**Given information:**
[Start of Attachment]

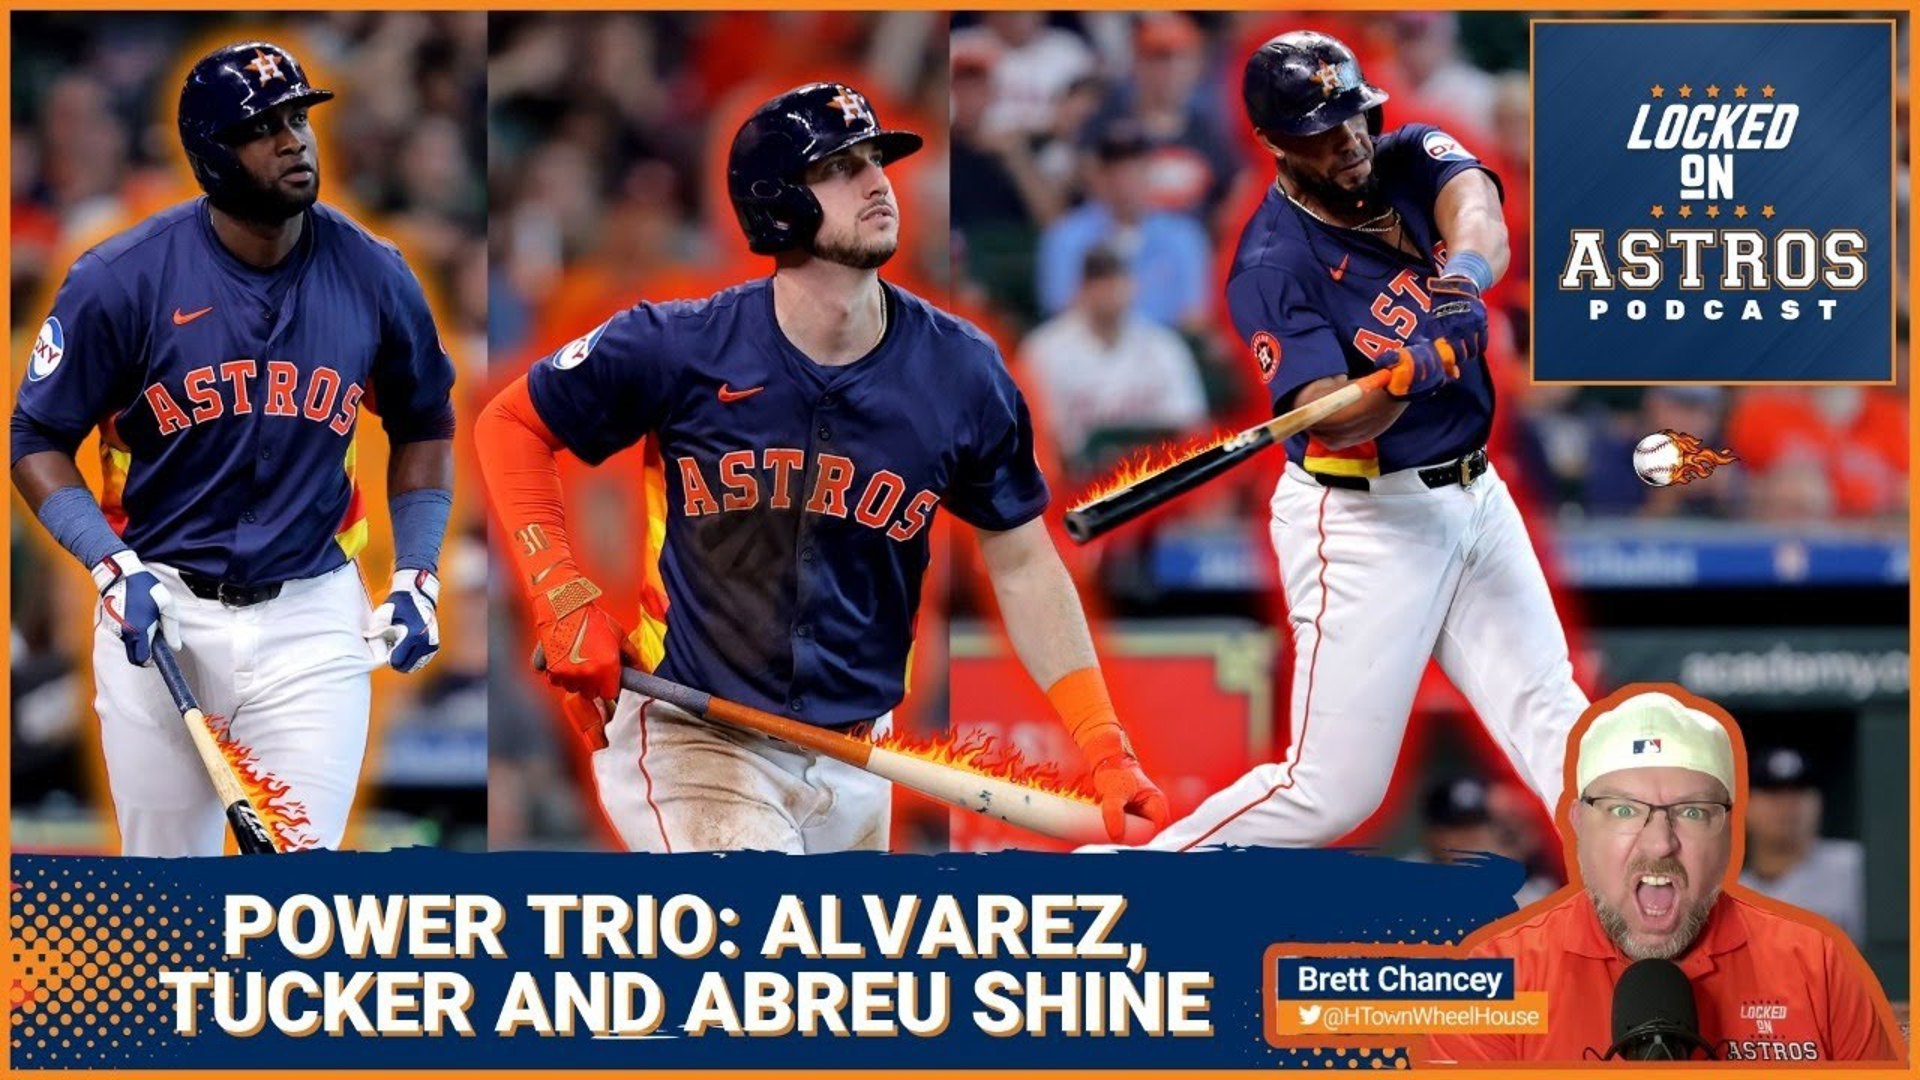 Astros power trio: Alvarez, Tucker and Abreu shine
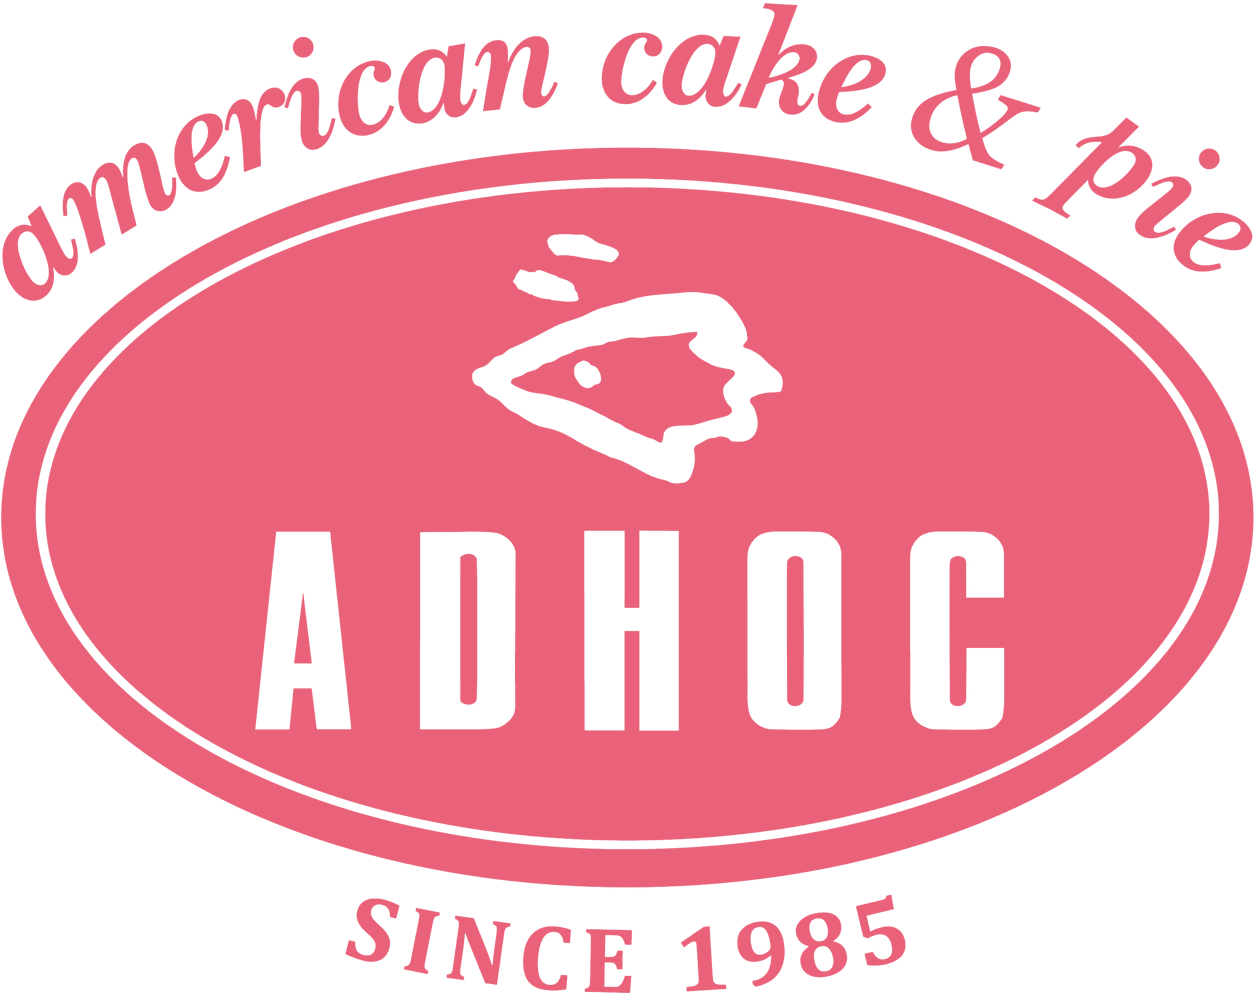 Food＆Beverage ADHOC
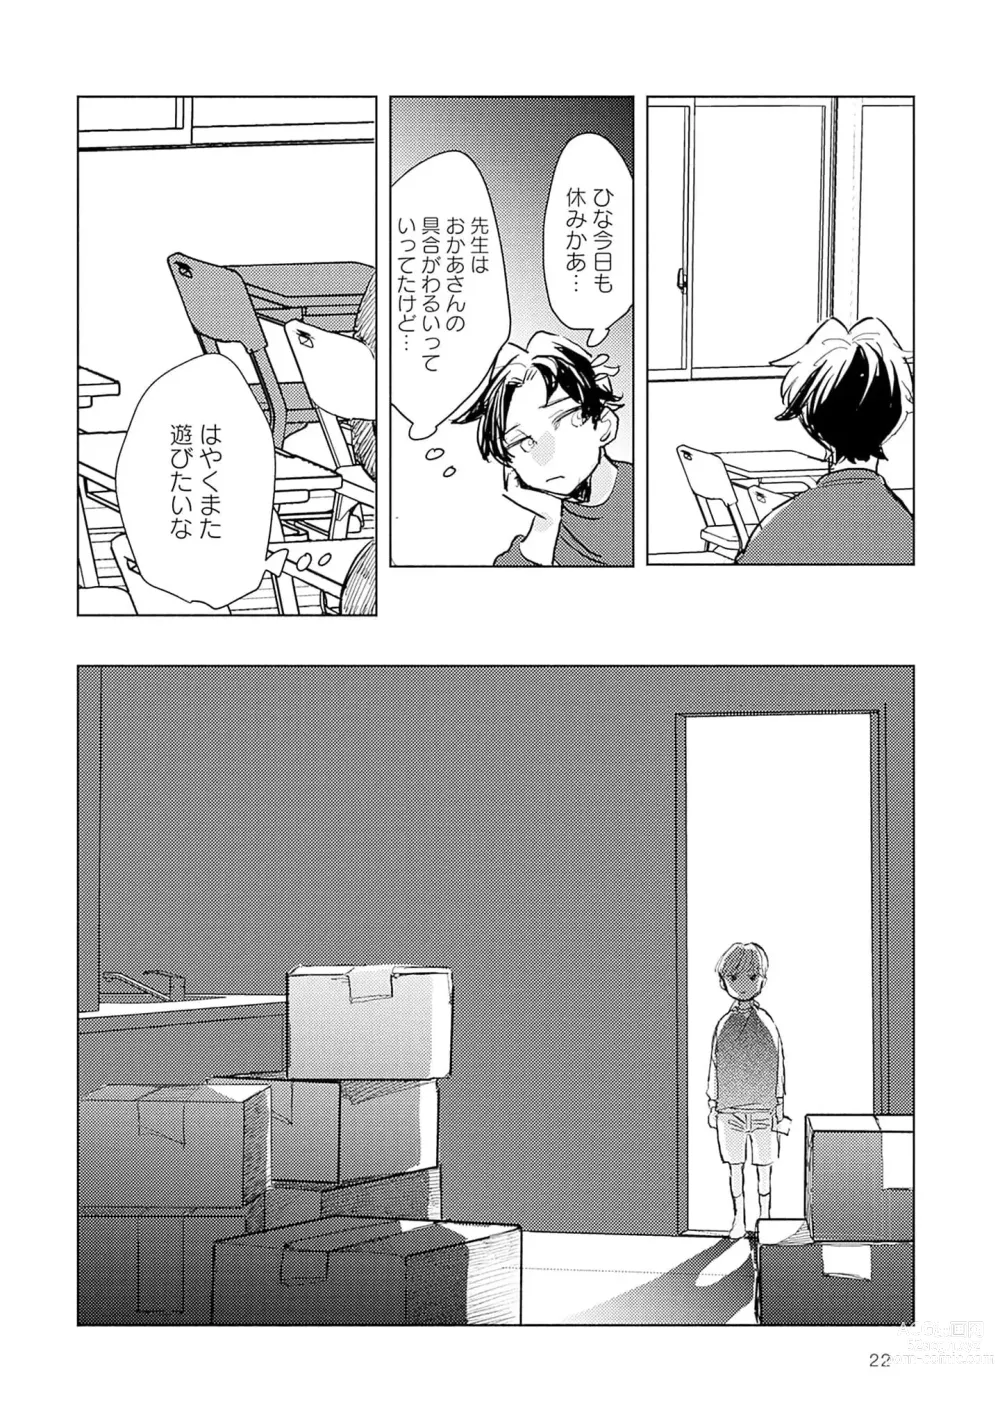 Page 24 of manga Strawberry na Days 2
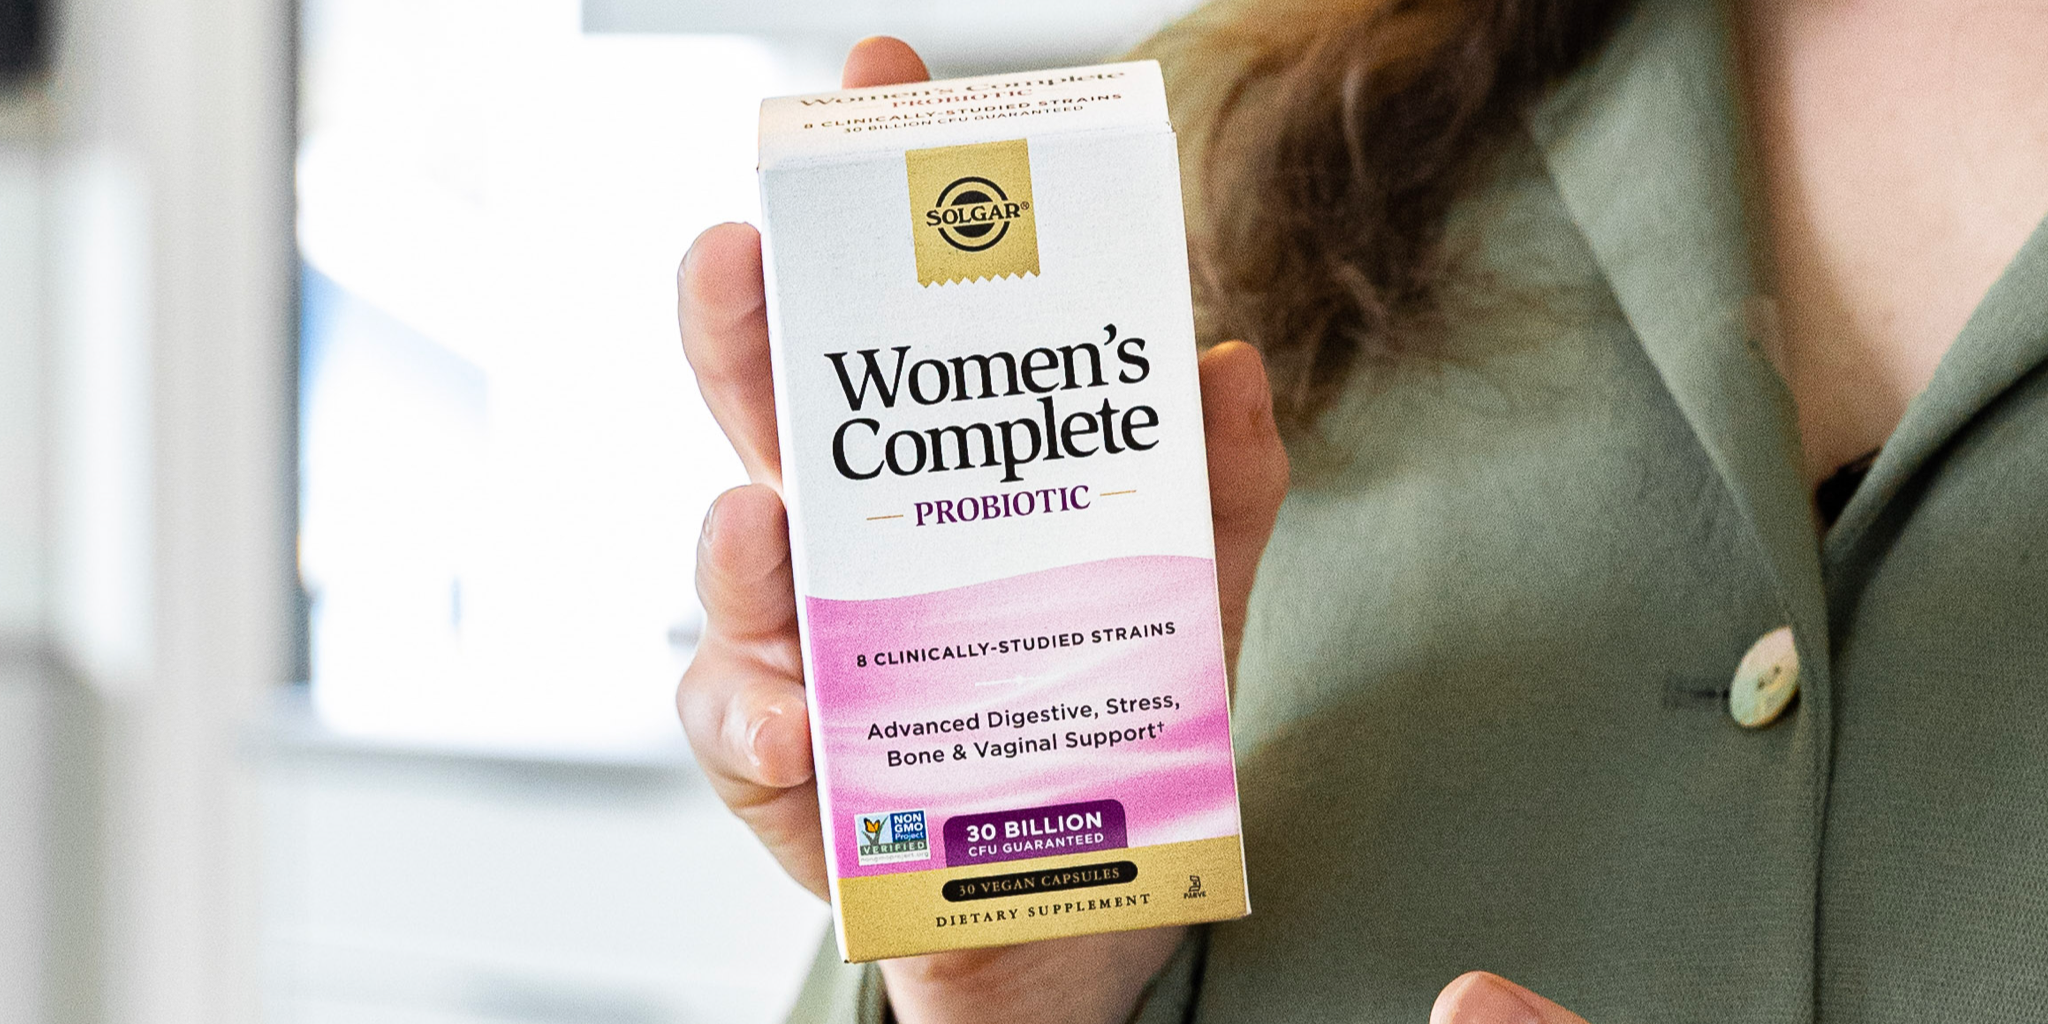 Solgar® Women's Complete Probiotic

[End of Attachment]

Pictures stay out of the answer; the rest of the listing above is returned exactly.

 Astros power trio: Alvarez, Tucker and Abreu shine
 Food＆Beverage ADHOC
 Page 24 of manga Strawberry na Days 2
 Solgar® Women's Complete Probiotic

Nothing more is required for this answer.